Помню, что Ильич в те годы и перед тюрьмой и после нее любил говорить: «Нет такой хитрости, которой нельзя было бы перехитрить». И в тюрьме он со свойственной ему находчивостью упражнялся в этом. Он писал из тюрьмы листовки, написал брошюру «О стачках», которая была забрана при аресте Лахтинской типографии (ее проявляла и переписывала Надежда Константиновна). Затем написал программу партии и довольно подробную «объяснительную записку» к ней, которую переписывала частью я после ареста Надежды Константиновны. Программа эта тоже не увидела света: она была передана мною по окончании А. Н. Потресову и после ареста его была уничтожена кем-то, кому он отдал ее на хранение 51. Кроме работы ко мне по наследству от Надежды Константиновны перешло конспиративное хранилище нелегальщины — маленький круглый столик, который, по мысли Ильича, был устроен ему одним товарищем-столяром. Нижняя точеная пуговка несколько более, чем обычно, толстой единственной ножки стола отвинчивалась, и в выдолбленное углубление можно было вложить порядочный сверток. Туда к ночи запрятывала я переписанную часть работы, а подлинник — прогретые на лампе странички — тщательно уничтожала. Столик этот оказал немаловажные услуги: на обысках как у Владимира Ильича, так и у Надежды Константиновны он не был открыт; переписанная последнею часть программы уцелела и была передана мне вместе со столиком матерью Надежды Константиновны. Вид его не внушал подозрений, и только позднее, после частого отвертывания пуговки, нарезки стерлись, и она стала отставать.

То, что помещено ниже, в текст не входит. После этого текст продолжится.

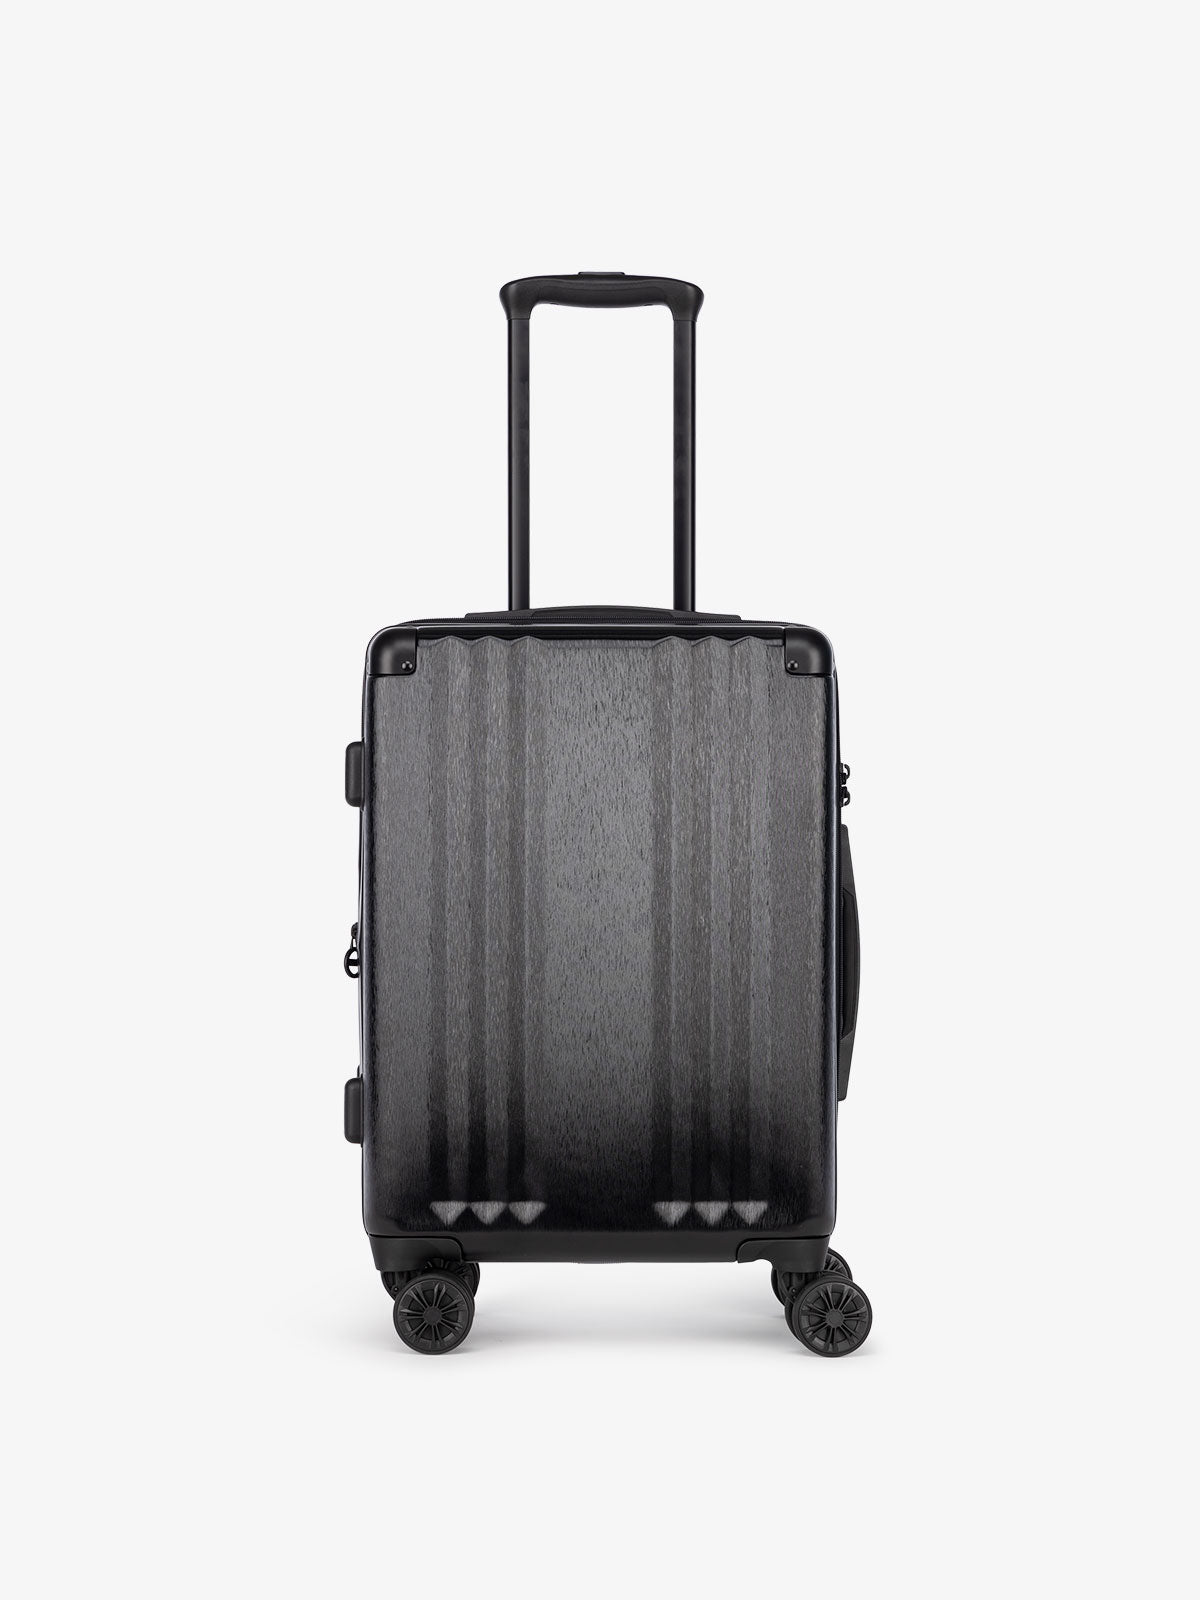 black CALPAK Ambeur hard shell rolling carry on suitcase as a part of a luggage set

Сначала Владимир Ильич тщательно уничтожал черновики листовок и других нелегальных сочинений после переписки их молоком, а затем, пользуясь репутацией научно работающего человека, стал оставлять их в листах статистических и иных выписок, нанизанных его бисерным почерком. Да такую, например, вещь, как подробную объяснительную записку к программе, и нельзя было бы уничтожить в черновом виде: в один день ее нельзя было переписать; и потом Ильич, обдумывая ее, вносил постоянно исправления и дополнения. И вот, раз на свидании он рассказывал мне со свойственным ему юмором, как на очередном обыске в его камере жандармский офицер, перелистав немного изрядную кучу сложенных в углу книг, таблиц и выписок, отделался шуткой: «Слишком жарко сегодня, чтобы статистикой заниматься». Брат говорил мне тогда, что он особенно и не беспокоился: «Не найти бы в такой куче», а потом добавил с хохотом: «Я в лучшем положении, чем другие граждане Российской империи, — меня взять не могут». Он-то смеялся, но я, конечно, беспокоилась, просила его быть осторожнее и указывала, что если взять его не могут, то наказание, конечно, сильно увеличат, если он попадется; что могут и каторгу дать за такую дерзость, как писание нелегальных вещей в тюрьме.
И поэтому я всегда с тревогой ждала возвращения от него книги с химическим посланием. С особенной нервностью дожидалась я возвращения одной книги: помнится, с объяснительной запиской к программе, которая, я знала, вся сплошь была исписана между строк молоком. Я боялась, чтобы при осмотре ее тюремной администрацией не обнаружилось что-нибудь подозрительное, чтобы при долгой задержке буквы не выступили — как бывало иногда, если консистенция молока была слишком густа, — самостоятельно. И, как нарочно, в срок книги мне не были выданы. Все остальные родственники заключенных получили в четверг книги, сданные в тот же день, а мне надзиратель сказал кратко: «Вам нет», в то время как на свидании, с которого я только что вышла, брат заявил, что вернул книги. Эта в первый раз случившаяся задержка заставила меня предположить, что Ильич попался; особенно мрачной показалась и всегда мрачная физиономия надзирателя, выдававшего книги. Конечно, настаивать было нельзя, и я провела мучительные сутки до следующего дня, когда книги, в их числе книга с программой, были вручены мне.
Бывало, что и брат бил тревогу задаром. Зимой 1896 года, после каких-то арестов (чуть ли не после ареста Потресова), я запоздала случайно на свидание, пришла к последней смене, чего обычно не делала; Владимир Ильич решил, что я арестована, и уничтожил какой-то подготовленный им черновик.
Но подобные волнения бывали лишь изредка, по таким исключительным поводам, как новые аресты; вообще же Ильич был поразительно ровен, выдержан и весел на свиданиях и своим заразительным смехом разгонял наше беспокойство.
Все мы — родственники заключенных — не знали, какого приговора ждать. По сравнению с народовольцами социал-демократов наказывали довольно легко. Но последним питерским инцидентом было дело М. И. Бруснева, которое кончилось сурово: 3 года одиночки и 10 лет ссылки в Восточную Сибирь — так гласил приговор главе дела.